Li Bo, Zhao Yongkang, Hu Jing, Zhang Shihua, Zhang Xiaolong
School of Computer Science and Technology, Wuhan University of Science and Technology, Huangjiahu west road 2#, Wuhan 430065, China.
Hubei Province Key Laboratory of Intelligent Information Processing and Real-time Industrial System, Wuhan University of Science and Technology, Huangjiahu west road 2#, Wuhan 430065, China.
Brief Bioinform. 2025 Mar 4;26(2). doi: 10.1093/bib/bbaf128.

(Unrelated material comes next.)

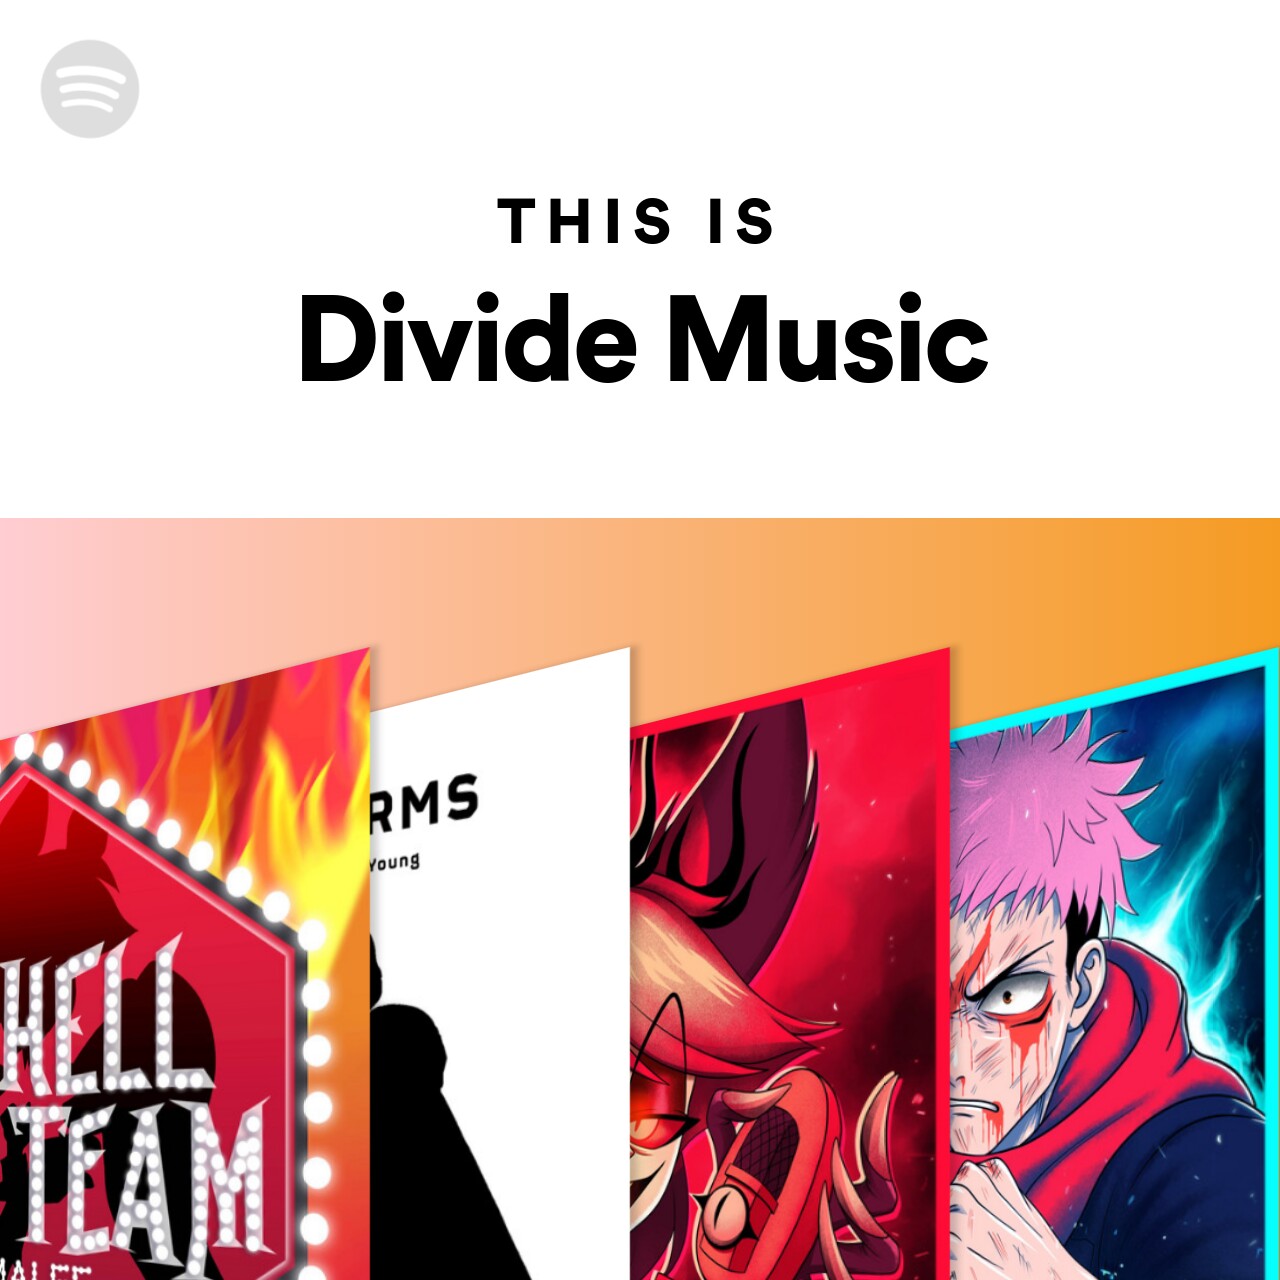 This Is Divide Music

Single-cell sequencing technology has enabled researchers to study cellular heterogeneity at the cell level. To facilitate the downstream analysis, clustering single-cell data into subgroups is essential. However, the high dimensionality, sparsity, and dropout events of the data make the clustering challenging. Currently, many deep learning methods have been proposed. Nevertheless, they either fail to fully utilize pairwise distances information between similar cells, or do not adequately capture their feature correlations. They cannot also effectively handle high-dimensional sparse data. Therefore, they are not suitable for high-fidelity clustering, leading to difficulties in analyzing the clear cell types required for downstream analysis. The proposed scSAMAC method integrates contrastive learning and negative binomial losses into a variational autoencoder, extracting features via contrastive unit similarity while preserving the intrinsic characteristics. This enhances the robustness and generalization during the clustering. In the contrastive learning, it constructs a mask module by adopting a negative sample generation method with gene feature saliency adjustment, which selects features more influential in the clustering phase and simulates data missing events. Additionally, it develops a novel loss, which consists of a soft k-means loss, a Wasserstein distance, and a contrastive loss. This fully utilizes data information and improves clustering performance. Furthermore, a multi-head attention mechanism module is applied to the latent variables at each layer of autoencoder to enhance feature correlation, integration, and information repair. Experimental results demonstrate that scSAMAC outperforms several state-of-the-art clustering methods.
单细胞测序技术使研究人员能够在细胞水平上研究细胞异质性。为便于下游分析,将单细胞数据聚类为亚组至关重要。然而,数据的高维度、稀疏性和缺失事件使得聚类具有挑战性。目前,已经提出了许多深度学习方法。然而,它们要么未能充分利用相似细胞之间的成对距离信息,要么没有充分捕捉它们的特征相关性。它们也无法有效处理高维稀疏数据。因此,它们不适用于高保真聚类,导致在分析下游分析所需的清晰细胞类型时遇到困难。所提出的scSAMAC方法将对比学习和负二项式损失集成到变分自编码器中,通过对比单元相似性提取特征,同时保留内在特征。这增强了聚类过程中的鲁棒性和泛化能力。在对比学习中,它采用具有基因特征显著性调整的负样本生成方法构建一个掩码模块,该模块在聚类阶段选择更具影响力的特征并模拟数据缺失事件。此外,它还开发了一种新颖的损失,由软k均值损失、瓦瑟斯坦距离和对比损失组成。这充分利用了数据信息并提高了聚类性能。此外,多头注意力机制模块应用于自编码器各层的潜在变量,以增强特征相关性、整合和信息修复。实验结果表明,scSAMAC优于几种现有的聚类方法。